Sunnis, Shiites and Christians are the most important groups in Lebanon, but Hezbollah, which the United States and neighboring Israel consider a terrorist organization, has become the most powerful political and military force in the country. Supported by Iran, Hezbollah has an arsenal of more than 100,000 rockets aimed at Israel and thousands of fighters who have been sent to the battlefields in Yemen, Syria and Iraq.
Fighting erupted on Thursday just a month after billionaire telecommunications mogul Najib Mikati became prime minister, taking the reins for the third time in a country that had not had a fully empowered government for more than a year. .
Calling for a day of mourning on Friday, Mikati ordered all government buildings and schools closed for the day.
Mr Mikati replaced former Prime Minister Hassan Diab, who, along with his cabinet, resigned after the port explosion.
It had been hoped that Mikati would bring some stability as his new government took shape.
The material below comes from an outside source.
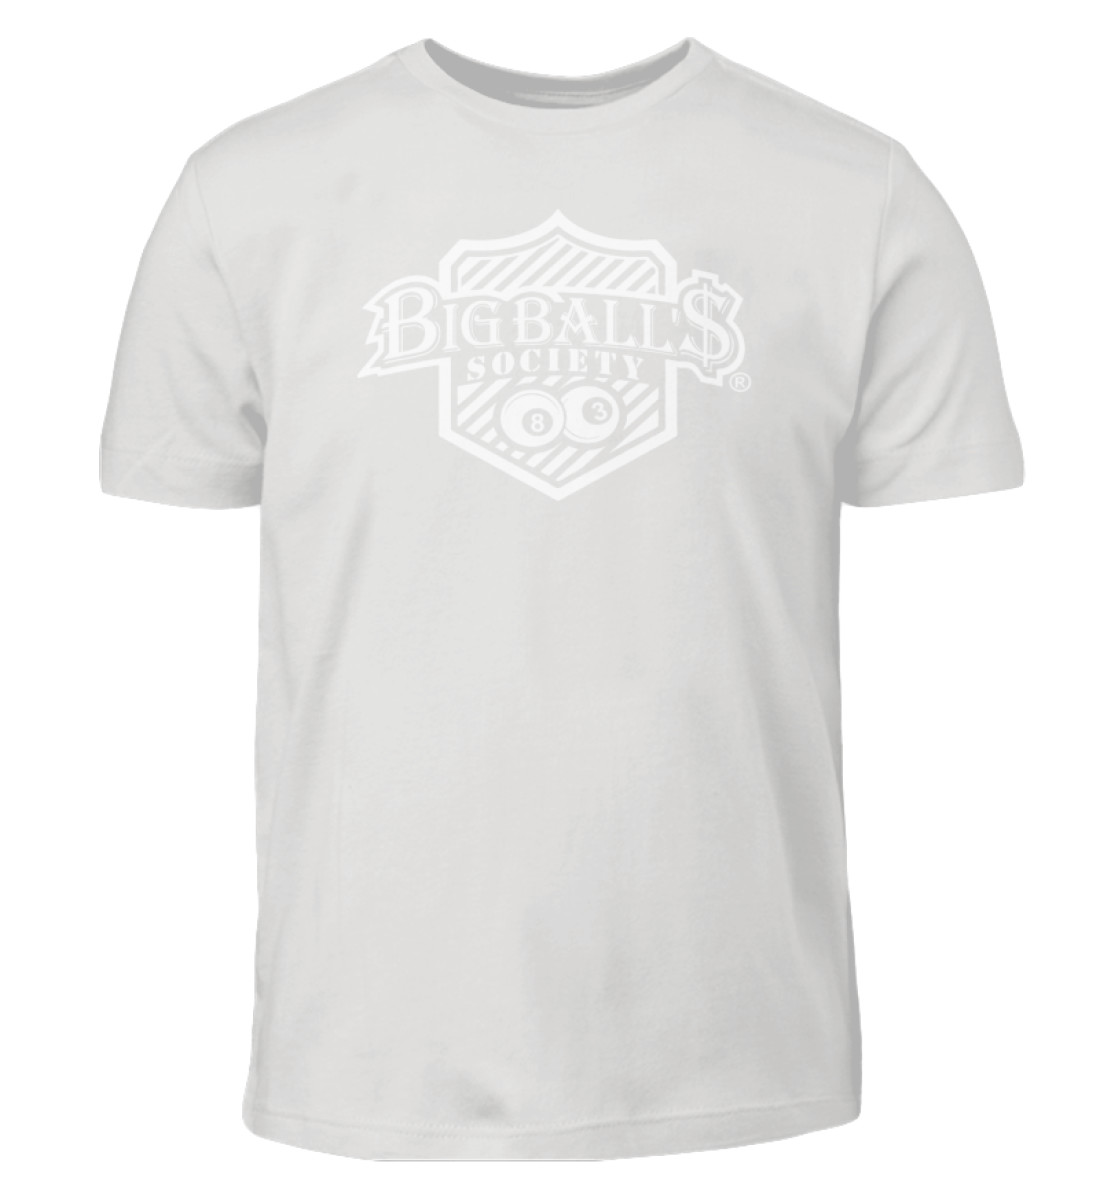 Big Ball'$ Society Logo White $elfmade  - Kinder T-Shirt

But at the same time, tensions around the port investigation intensified.
The explosion at the port was caused by the sudden combustion of some 2,750 tonnes of volatile chemicals that had been dumped at the port years before, but over a year later no one was held responsible.
The judge investigating the explosion, Tarek Bitar, has decided to summon a series of powerful politicians and security officials for questioning, which could lead to criminal charges against them.
Hezbollah has increasingly spoken out in its criticism of Judge Bitar, and its investigation was suspended this week after two indicted former ministers filed a complaint against him.
Families of the victims condemned the move, with critics saying the country’s political leaders were trying to shirk responsibility for the biggest explosion in the country’s turbulent history.
On Monday, the judge issued an arrest warrant against Ali Hussein Khalil, a prominent Shiite member of parliament and close advisor to the leader of the Amal party. The warrant laid serious charges against Mr. Khalil.
“The nature of the offense”, the document reads, is “murder, injury, arson and vandalism connected with probable intent.”
On Tuesday, Hezbollah chief Hassan Nasrallah made some of his harshest criticisms of Judge Bitar, accusing him of “political targeting” of officials in his investigation and calling for a protest on Thursday.
When Hezbollah supporters joined protests to demand the judge’s impeachment, witnesses said, sniper fire rang out.
Ben Hubbard reported from Beirut and Marc Santora from London. Reporting was provided by Hwaida Saad and Asmaa al-Omar from Beirut, and Vivian Yee and Mona el-Naggar from Cairo.